RECORDED DATA:

^^^^

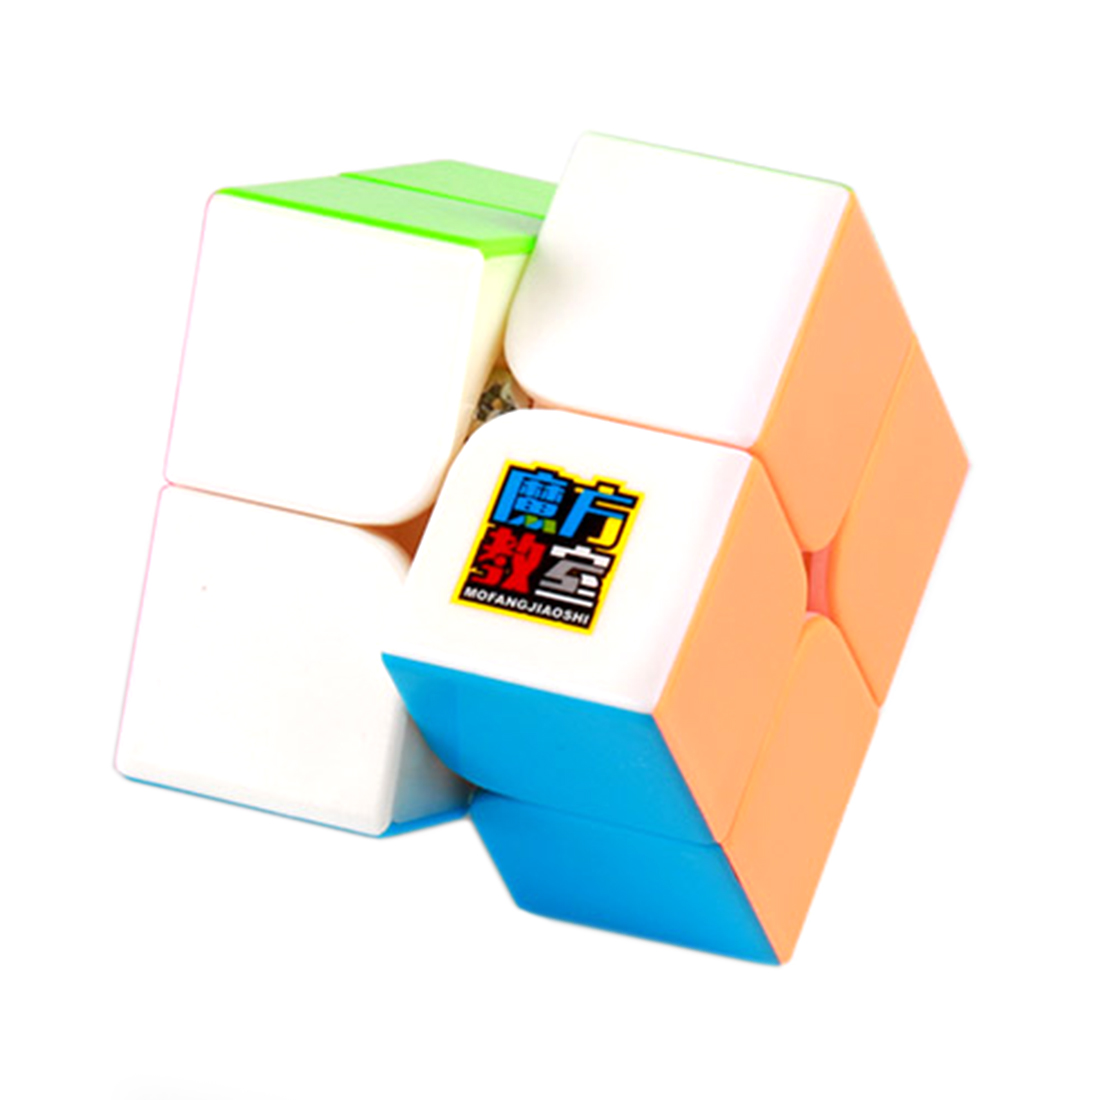 Nouvelle arrivée MF9310 Cubing salle de classe 2-7 étapes Cube magique ensemble avec emballage de boîte-cadeau pour la formation du cerveau - 6
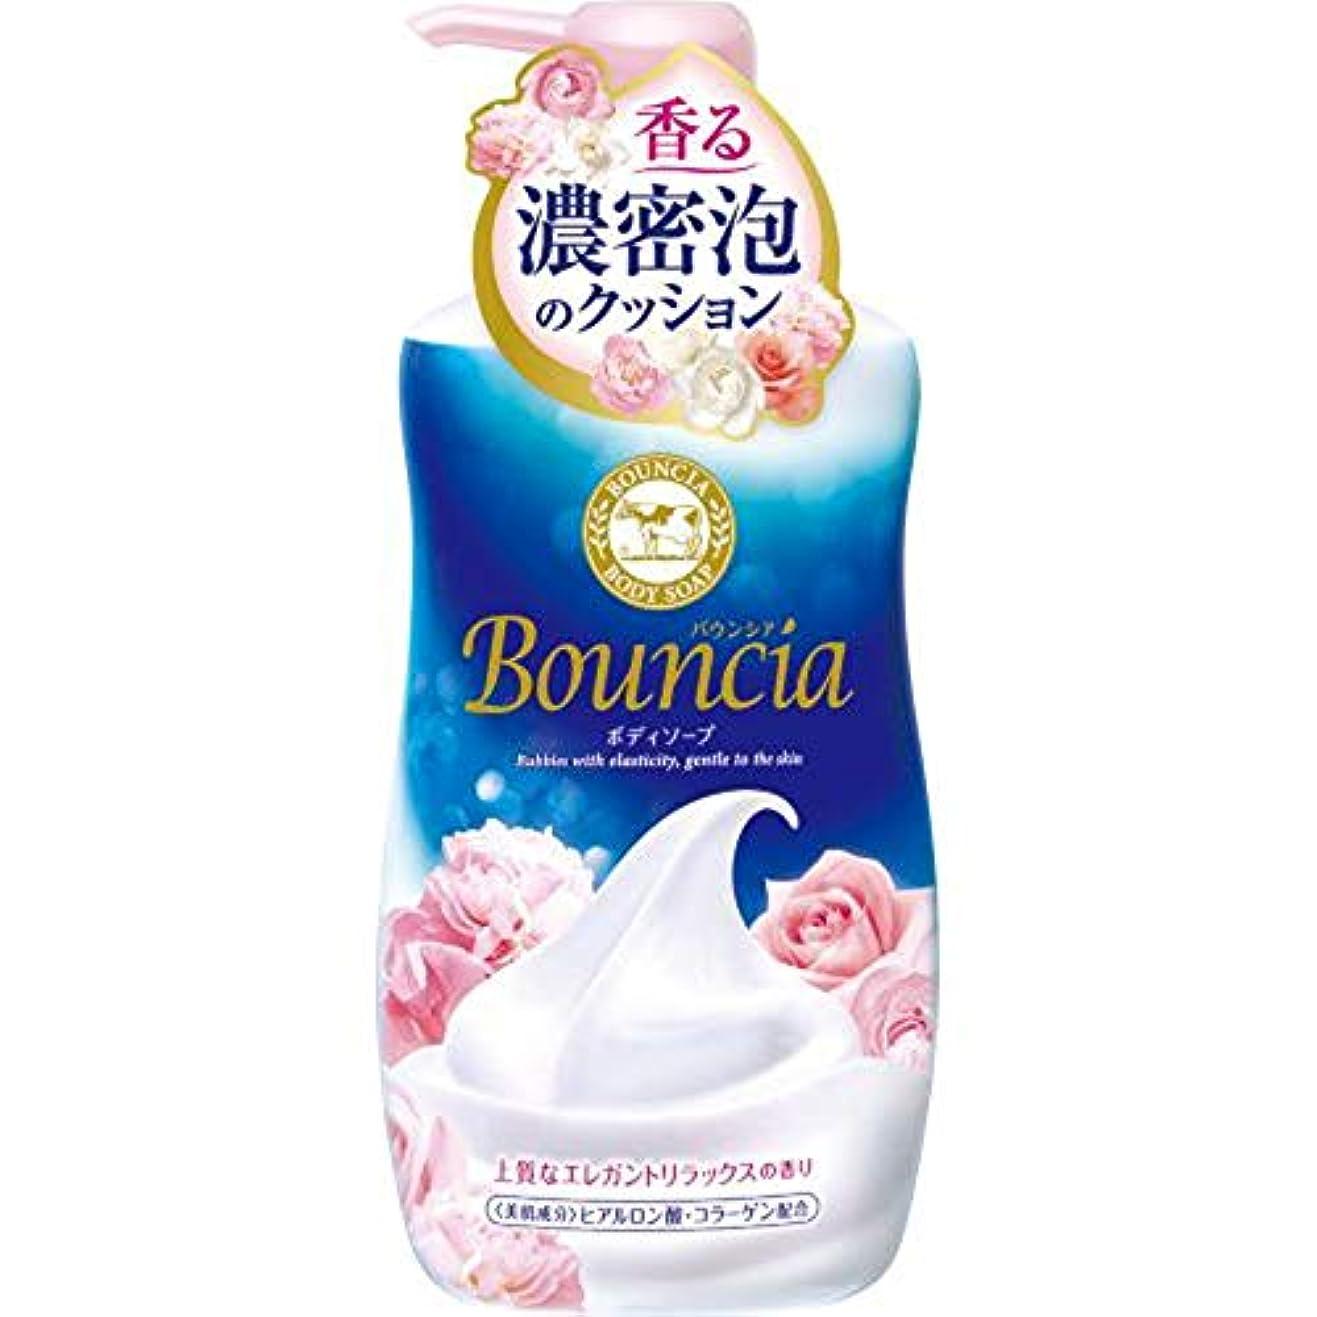 ホイスト騙す予言するバウンシア ボディソープ エレガントリラックスの香り ポンプ 550mL
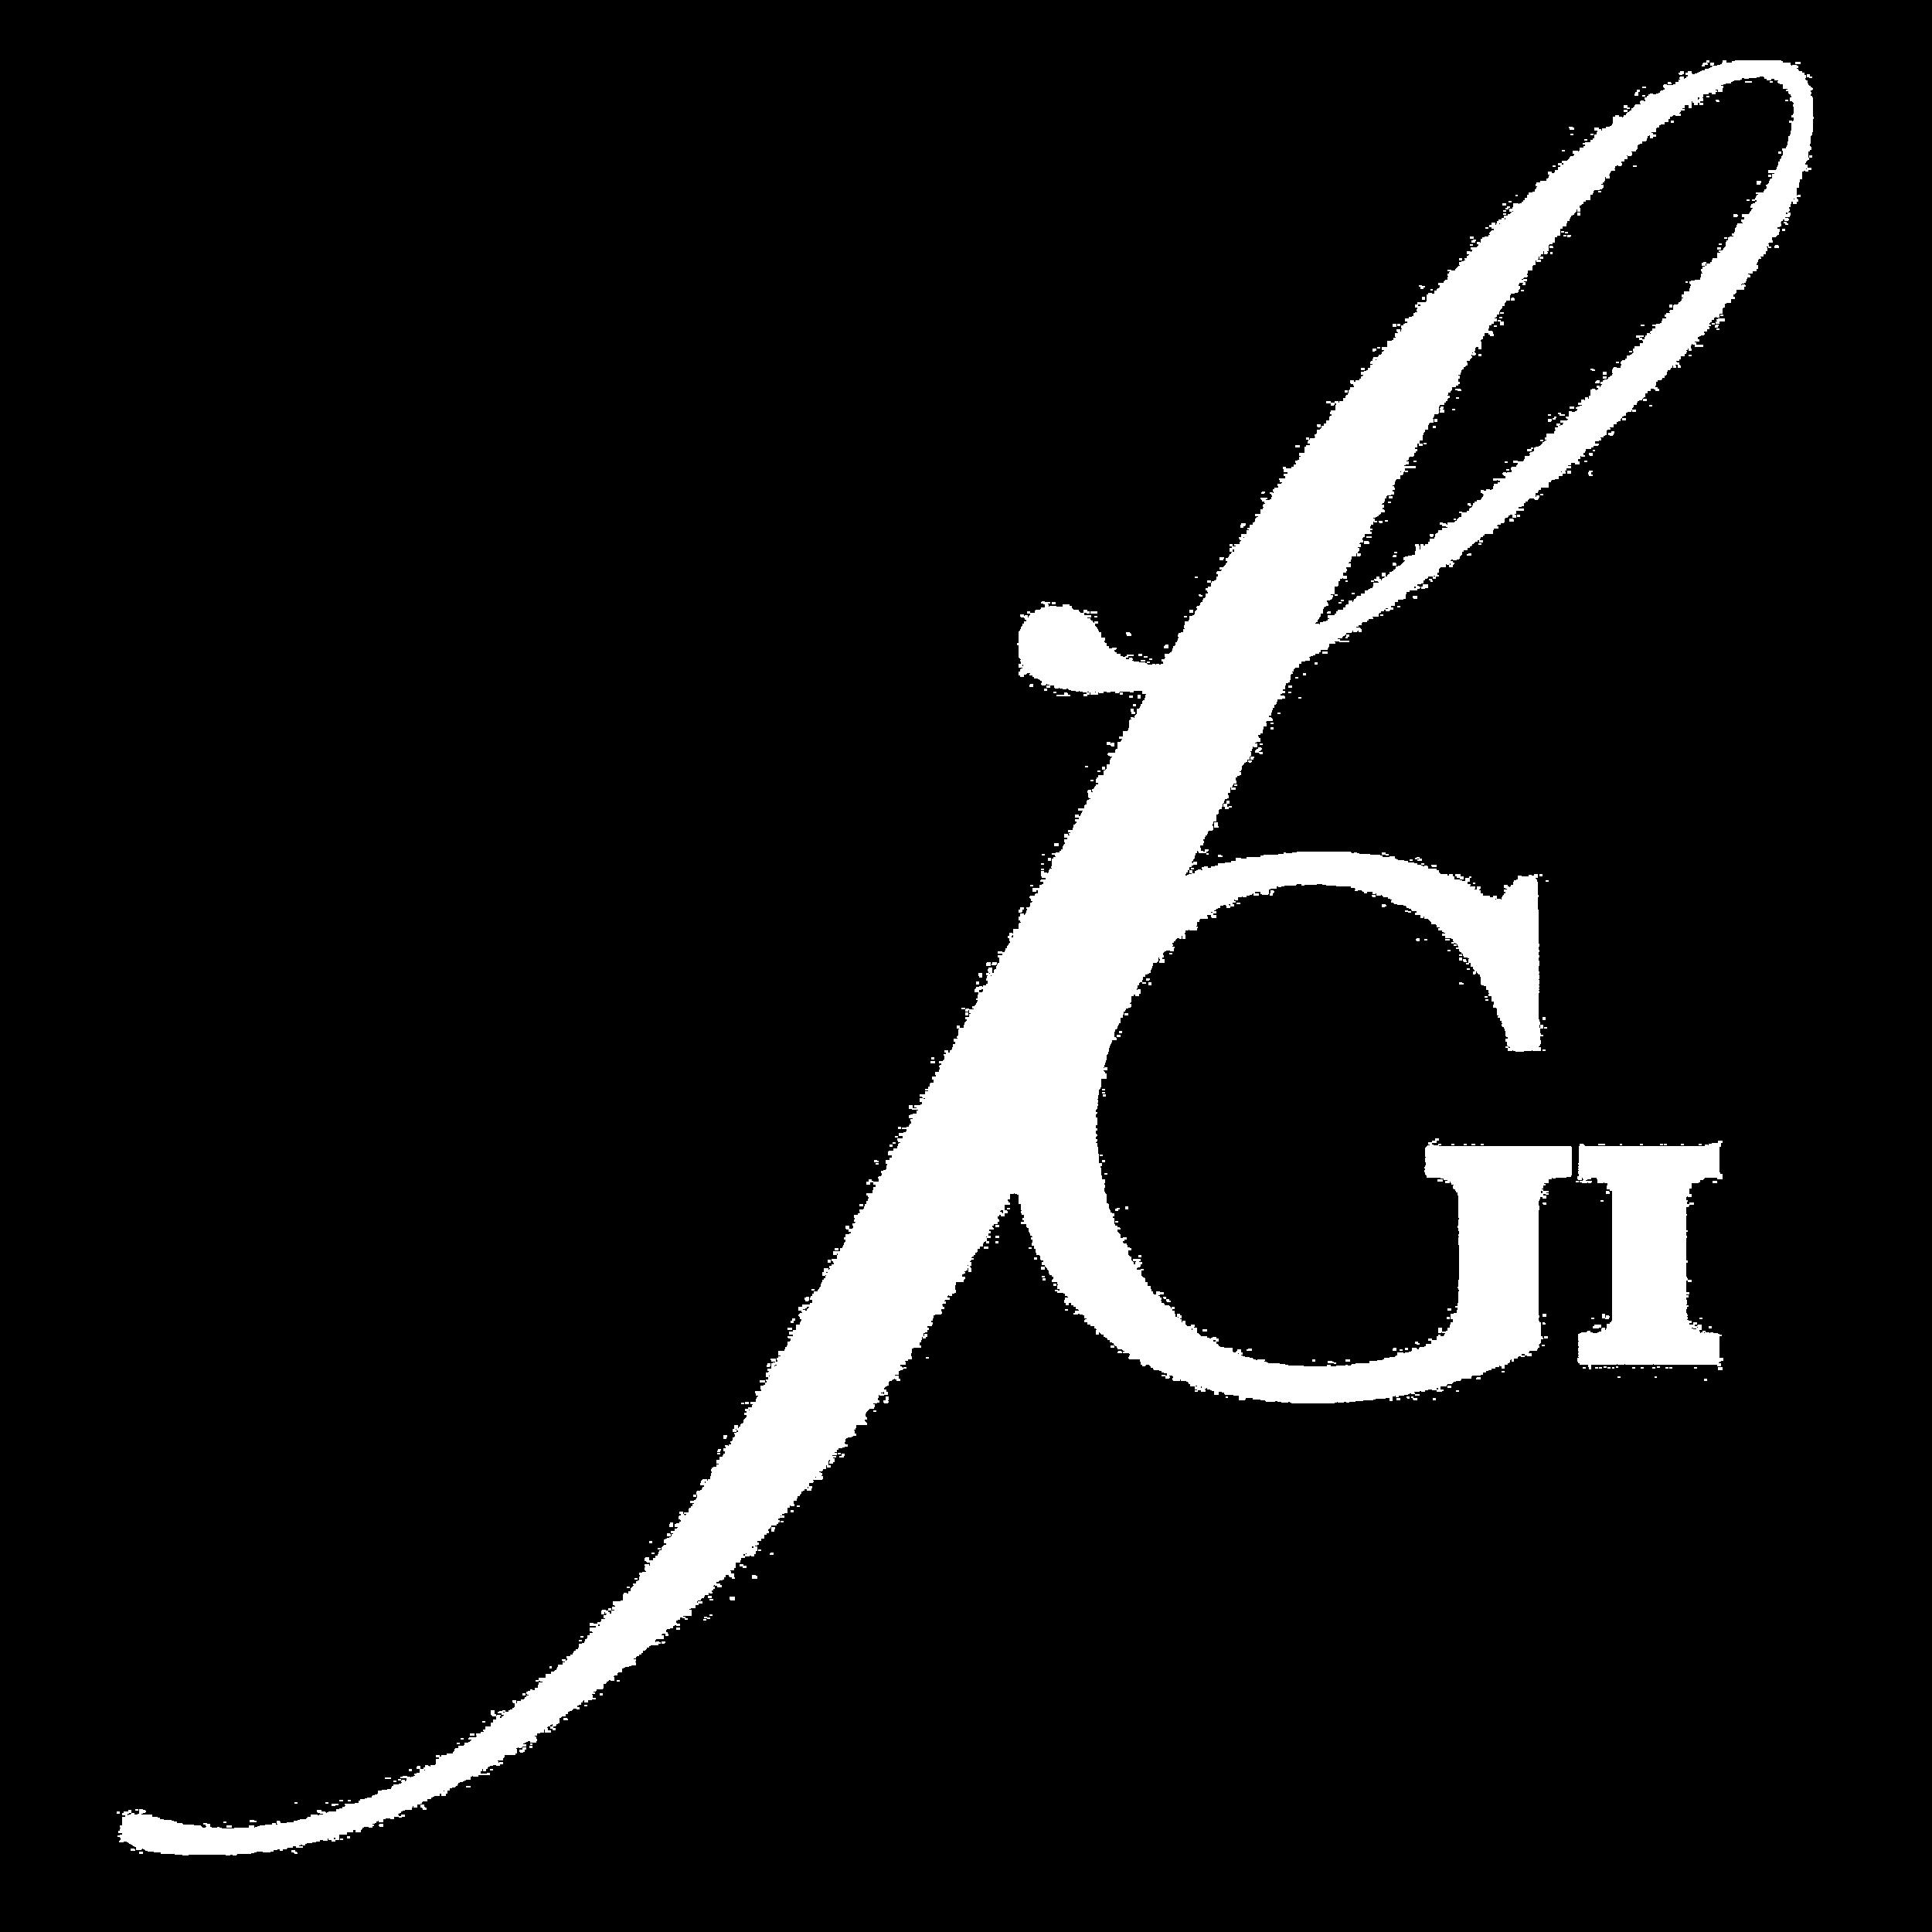 fgi logo.png
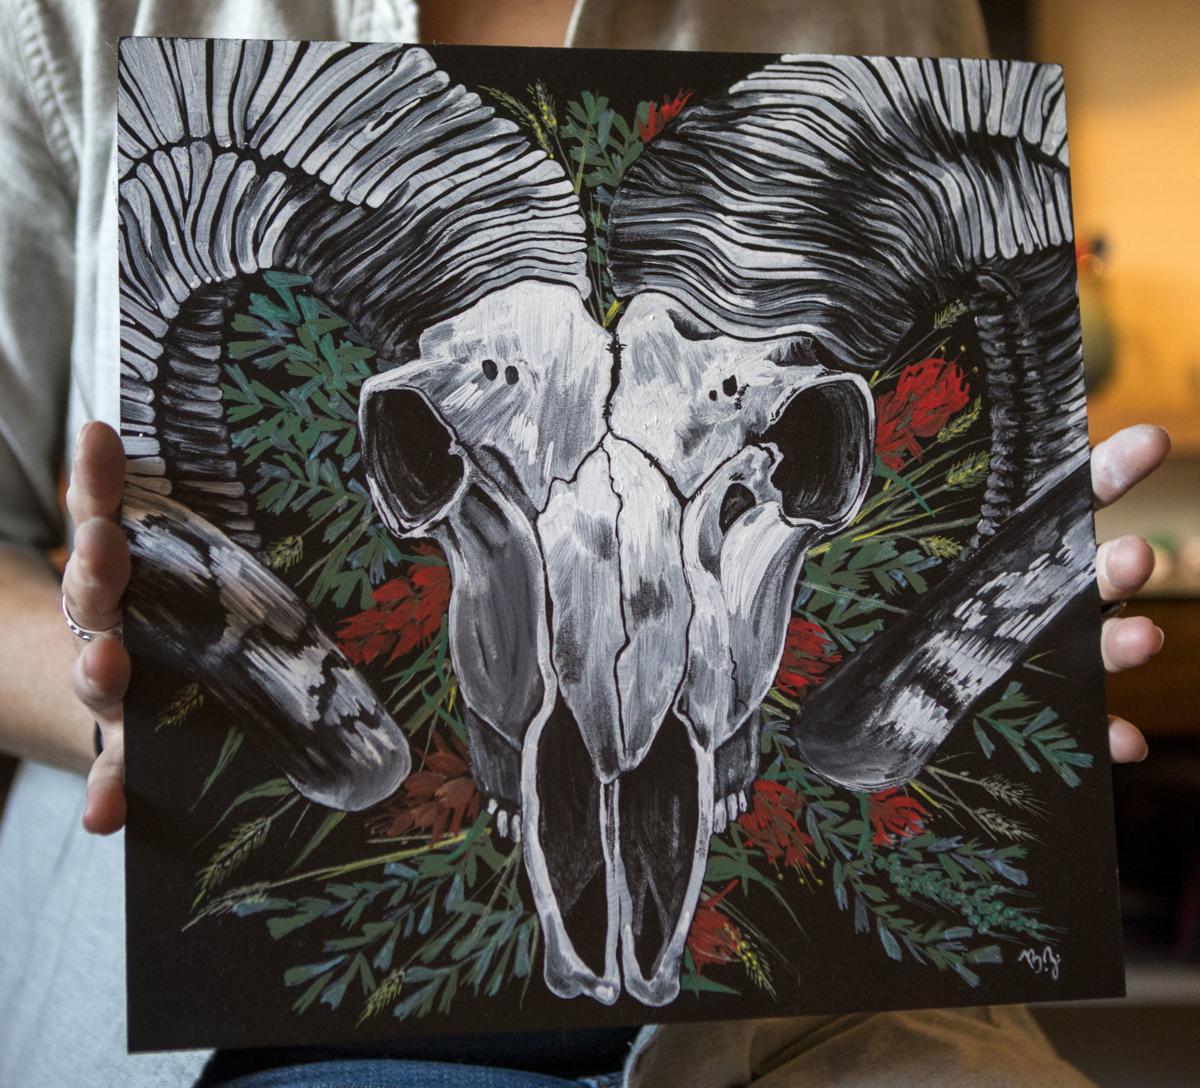 Chalk artist Britt Ziebell

^^^^

WHAT TO WORK ON: Everything above should be given again exactly, apart from the pictures.

ANSWER TO THE EXERCISE:
 Nouvelle arrivée MF9310 Cubing salle de classe 2-7 étapes Cube magique ensemble avec emballage de boîte-cadeau pour la formation du cerveau - 6
 ホイスト騙す予言するバウンシア ボディソープ エレガントリラックスの香り ポンプ 550mL
 fgi logo.png
 Chalk artist Britt Ziebell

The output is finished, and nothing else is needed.